As modern machine learning algorithms grow in complexity and sophistication so does their need for larger sets of training data. In practice these sets might be smaller than required, be of bad quality or misrepresent the actual domain of the real life problem that is being modelled. Simulation is a useful tool for countering those issues, as it can not only augment the training input and speed up the training process of the algorithm, but can also help with its subsequent validation and robustification by producing original samples and scenarios intended to enhance the algorithm's predictability and trustworthiness. Our aim in the STAR project is to provide a simulated reality module that can work as an add-on for predictive methods, while also interacting with the human operator in order to produce verifiably realistic scenarios that will augment the automated decision making process.

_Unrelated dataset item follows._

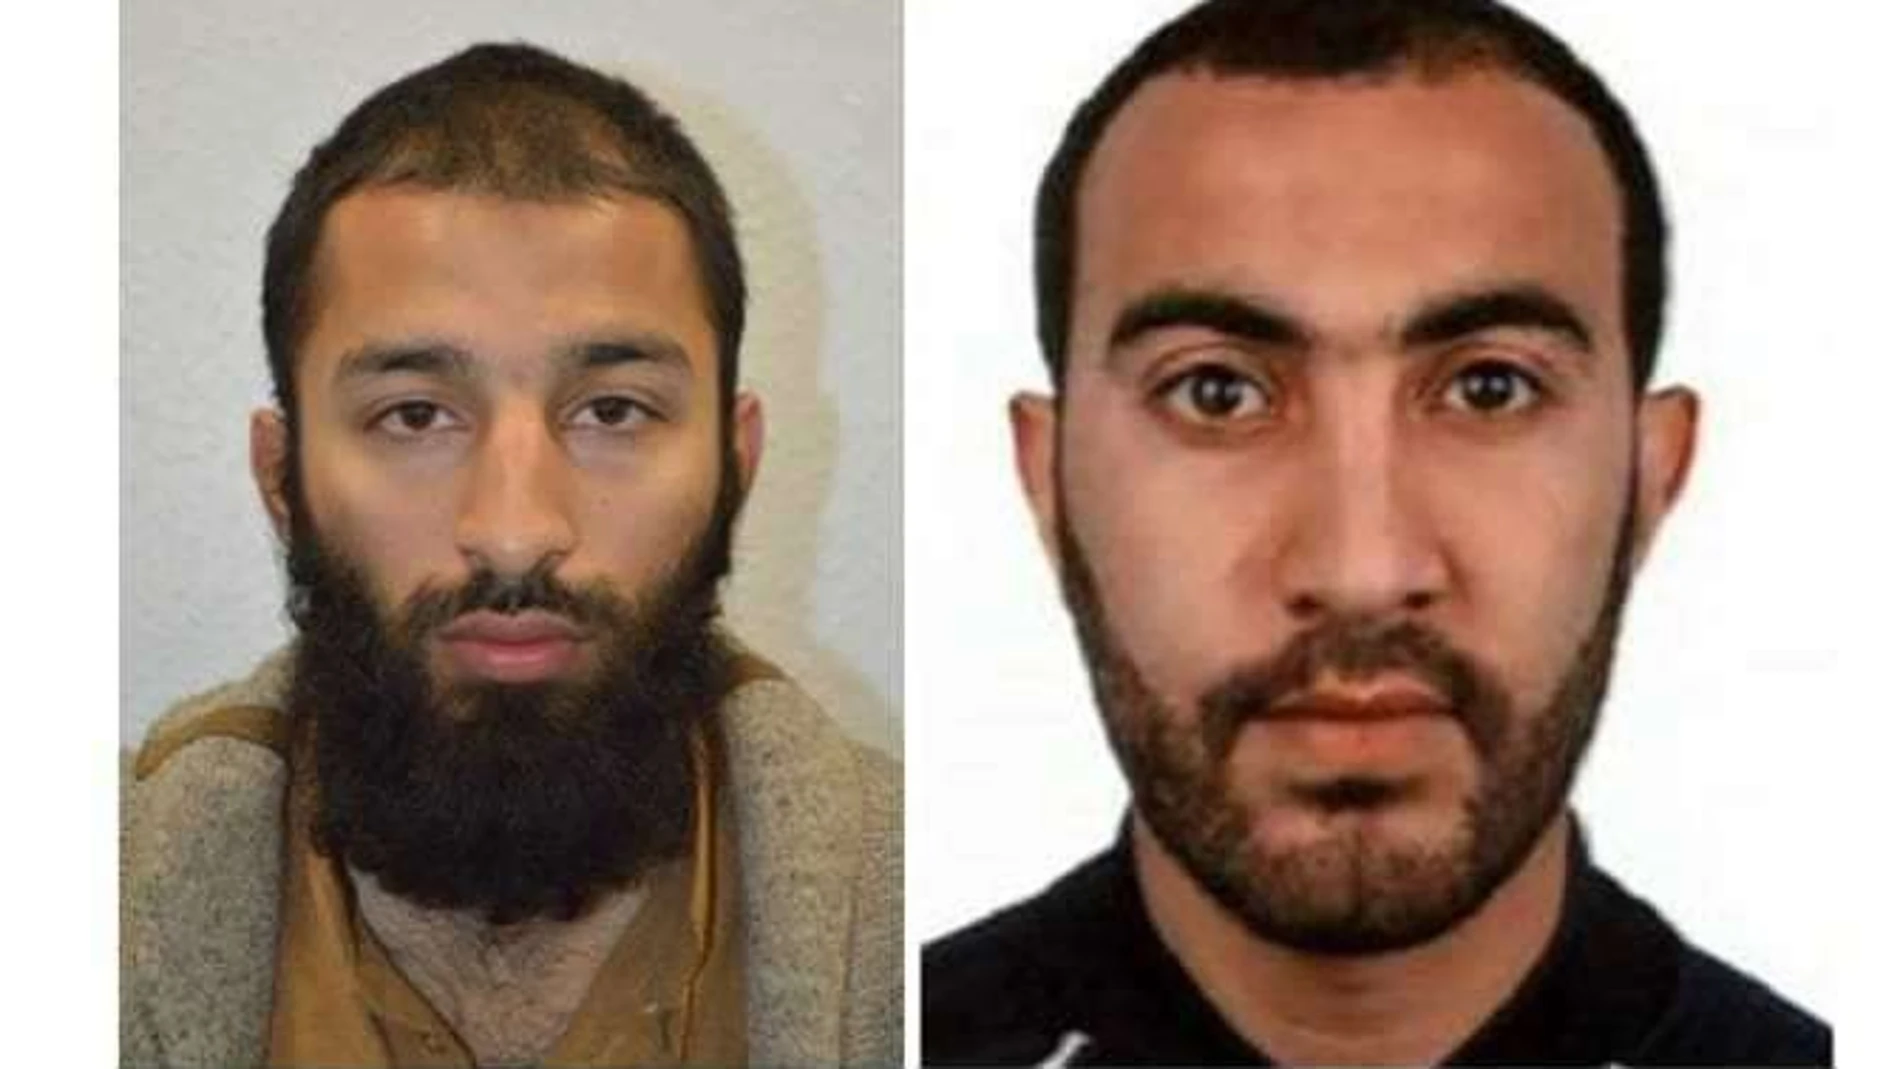 Identidad de dos de los terroristas que atentaron en Londres
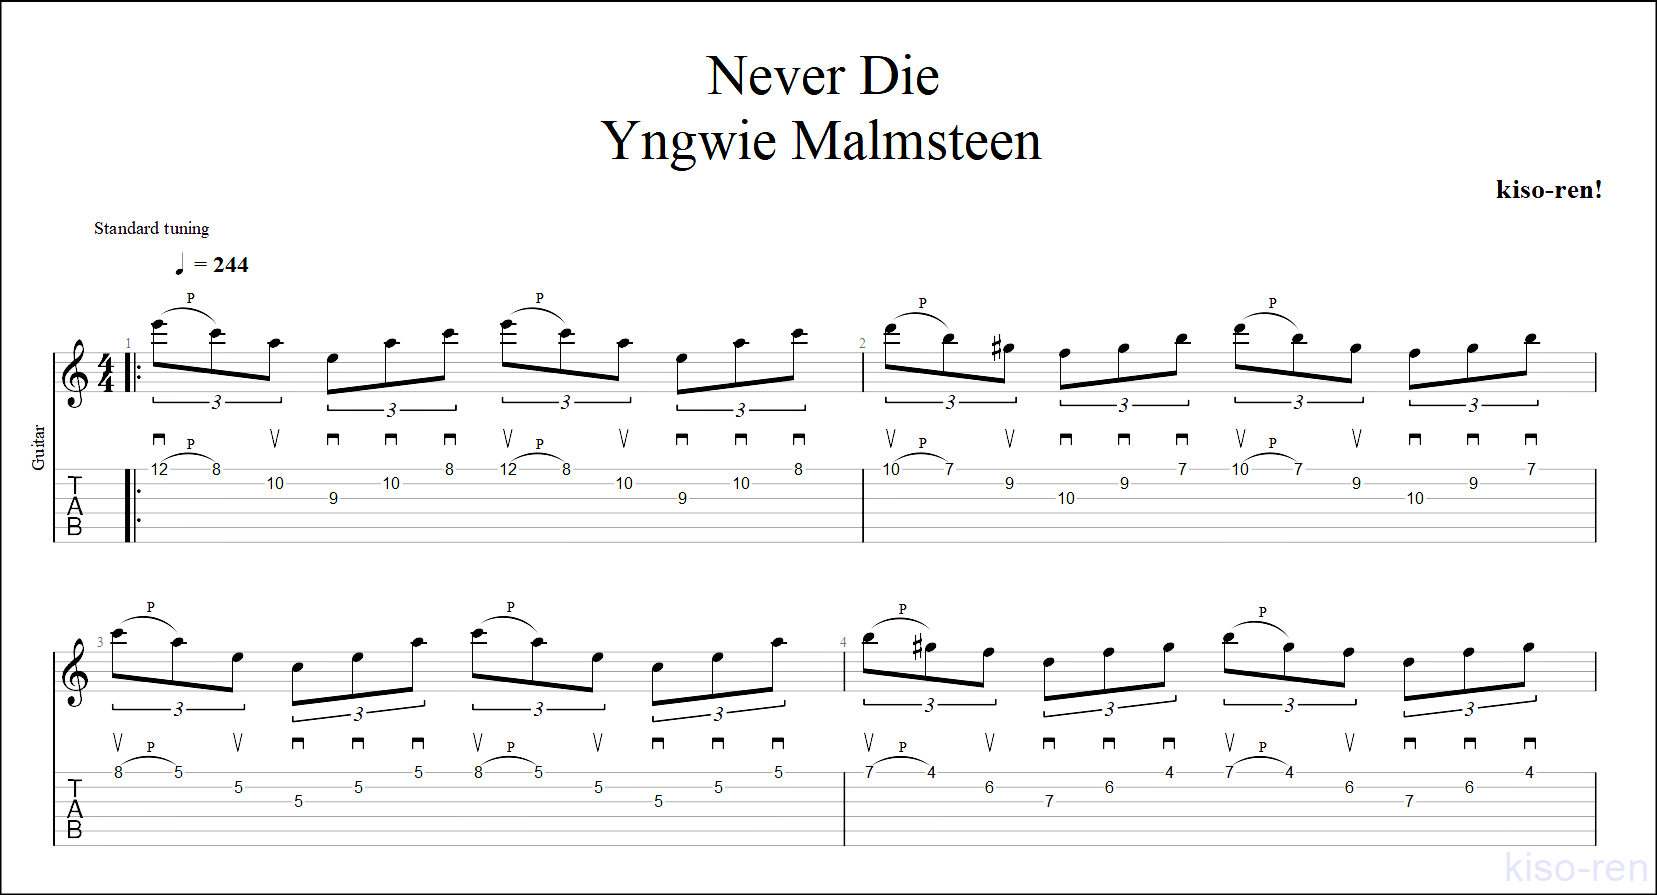 TAB譜 Never Dieのスウィープピッキングが絶対弾ける練習方法。TAB【イングヴェイ・マルムスティーン 動画ピッキング基礎練習】

Simulated reality can been applied in a variety of manufacturing scenarios, such as visual quality inspection and autonomous robotic control. In a supervised setting such as defect detection it takes the form of synthetic data generation. In such a use-case data augmentation is often necessary due to the class skew caused by the rarity of defective artifacts. Underrepresented classes can be supplemented with synthetic images constructed from the existing data. Recent works have achieved good prediction rates under skewed training sets using state of the art methods such as Convolutional Variational Autoencoders and Generative Adversarial Networks. A step beyond is the synthesis of novel defects, usually based on prior knowledge from different products. Neural Style Transfer has been used successfully to fuse defect snippets with non-defective images. Such images can be used to test and also enhance the algorithm's predictive capacity.

In our work in STAR we are tackling such a characteristic supervised defect detection usecase, where the dataset is small and heavily imbalanced with images of defects being rare and hard to obtain. It was therefore important when choosing a suitable data augmentation method to take into account its ability to handle small datasets, something which is not the case when training large autoencoders or GANs from scratch. We are currently examining and evaluating different state of the art approaches that address this issue, such as trying to selectively utilize complex open-source GANs trained or large datasets such as imagenet. Of course lack of data is not the only challenge we have come across; high image fidelity is also an important requirement as differences between defects and non-defects can be minuscule. If this requirement is not met, the use of synthetic data can backfire and confuse the classifier further. To overcome this issue we chose to purposefully fuse synthetic with real data and apply some filtering and post-processing which has led to interesting results. Our next steps are to improve the quality and usefulness of the synthetic data even further and also to produce novel examples that will help assess and increase the robustness of the underlying AI models.